A smart solar and battery trial on an island off Tasmania is being touted as creating the forerunner for Australia’s energy future.
Lachlan Blackhall, head of the Australian National University’s battery storage and grid integration program said the trial, carried out with 40 households on Bruny Island off the coast of Tasmania, was designed to create a microcosm of a future Australian electricity grid.
The Bruny Island trial saw a combination of solar and battery installations work cooperatively to replace diesel generation. Photo: Supplied
Led by the Network Aware Coordination (NAC) platform - a series of smart algorithms that control multiple solar and battery installations to push power into the grid when it is needed - the trial allowed Australians to tap into the grid and become power producers themselves, earning money while the sun shone.
The battery project was not focused on replacing the main power sources, but on supplementing it and reducing the island’s reliance on diesel generation during summer and other periods of peak demand.
Participants received subsidised solar and battery installations, which were controlled by a central algorithm. Photo: Supplied
"The trial of the NAC is about better understanding how to use solar and battery to make the grid more efficient," Mr Blackhall told Fairfax Media. "During Easter, Bruny Island actually required more power than could be supplied by the undersea cable to the island.
"Typically they would use diesel but this program – even with only 3.5 per cent of homes on the island participating – reduced diesel usage by 30 per cent."

The NAC for power
The NAC technology compiled data from all the household solar and battery storage systems, as well as energy consumption rates, through an internet connection and coordinated when the stored power should be pushed back into the network for the greatest benefit of the participants and the grid.
"In the same way that traffic lights coordinate the flow of cars and trucks on the road, the Network-Aware Coordination platform coordinates the flow of energy from residential solar and batteries to networks and markets to ensure the efficient and reliable operation of the electricity grid," the ANU said.

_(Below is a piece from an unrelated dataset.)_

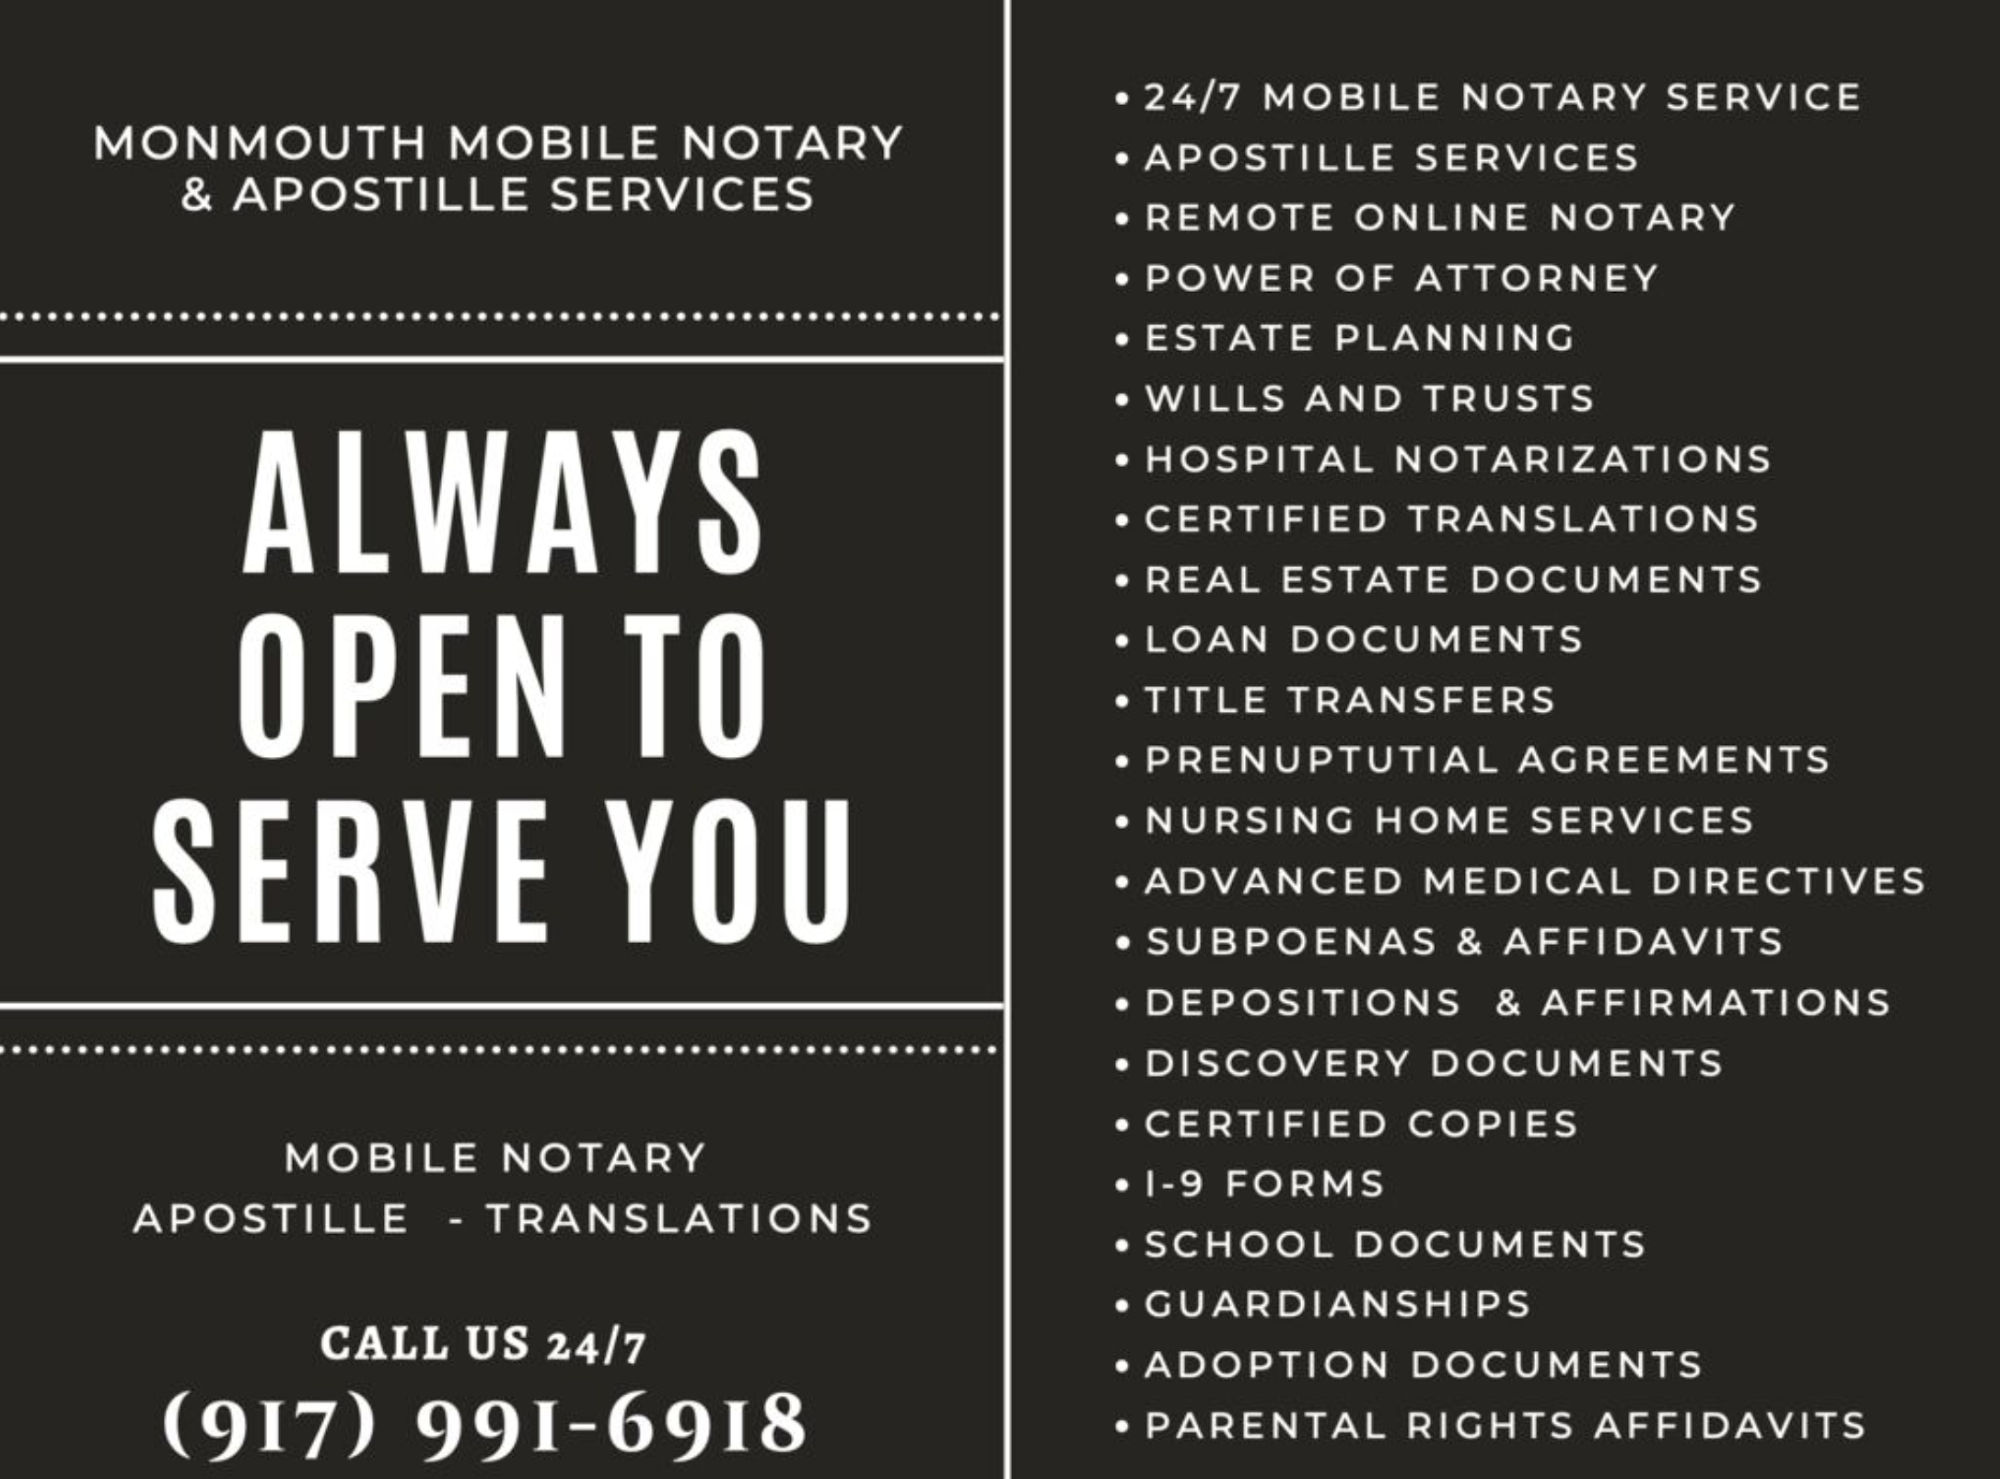 Monmouth Mobile Notary & Apostille Services 23 Tharp Ln, Marlboro New Jersey 07746

Multiple homes collaborated to provide almost instantaneous power back into the grid. Photo: Supplied
Mr Blackhall said it differed from the virtual power plants that use also homeowners battery and solar power to provide power back into the grid – such as those in underway in South Australia or Canberra – as it "makes sure it is using all participants’ solar and battery installations in the most efficient way by talking to all installations to decide when it needs to collaborate and provide power "at the best price".
He said the study also highlighted the increasingly important role of consumers and how they are shifting from simply using energy to become a 'prosumer', both a producer and consumer of energy.
"This has really underlined the important role that consumers will play in the future electricity system."
The process also ensured all the participants' data remained private while at the same time negotiating the best price for them when their energy was fed back into the grid.

A scalable solution
ANU College of Engineering and Computer Science Professor Sylvie Thiébaux said the trial "has also demonstrated how the NAC approach can solve wider grid problems, in particular, those that can arise through the mass deployment of renewables and battery storage".
"This paves the way for a more intelligent way to operate our grids reliably while collaborating with consumers to make the best use of the resources they are installing.”
The ANU added that it will help networks improve operations at normal times, reduce stress during times of peak demand, and remove the need for costly network upgrades over the long term.
ANU Research School of Engineering’s Dr Dan Gordon said the trials also demonstrated that it could be scaled up for a city, a state or all of Australia.
"One of the great things about NAC is that it is a distributed algorithm," Dr Gordon said.
"Each customer's system acts in their own best interest, and privacy is retained - yet we arrive at a solution which is better for everyone.
"Each customer's system performs relatively easy calculations, which don't get harder as more customers are added. The vision is that NAC could be scaled up to a large ecosystem of residential and distributed energy providers."
The project was a joint venture between the University of Tasmania, which examined the social acceptance of the technology; the University of Sydney, which calculated the battery payment structures; the Australian National University, which deployed the network aware coordinating algorithms to bring together the battery network; TasNetworks, which controlled the distribution of energy; Reposit Power, which ran the energy trading and control system, and the Australian Renewable Energy Agency (ARENA) which provided around $2.9 million in funding.
Mr Blackhall said UTAS’s investigation of social acceptance studied the perception of these kinds of programs and issues around uptake of the technology.
"When we talk about new technology we often assume people will adopt because it’s available or can help them, however, the key challenge is getting people interested in learning more about security and supply of energy," he said.
"It’s fundamental for the future of this technology."
The program will continue to run until mid-next year.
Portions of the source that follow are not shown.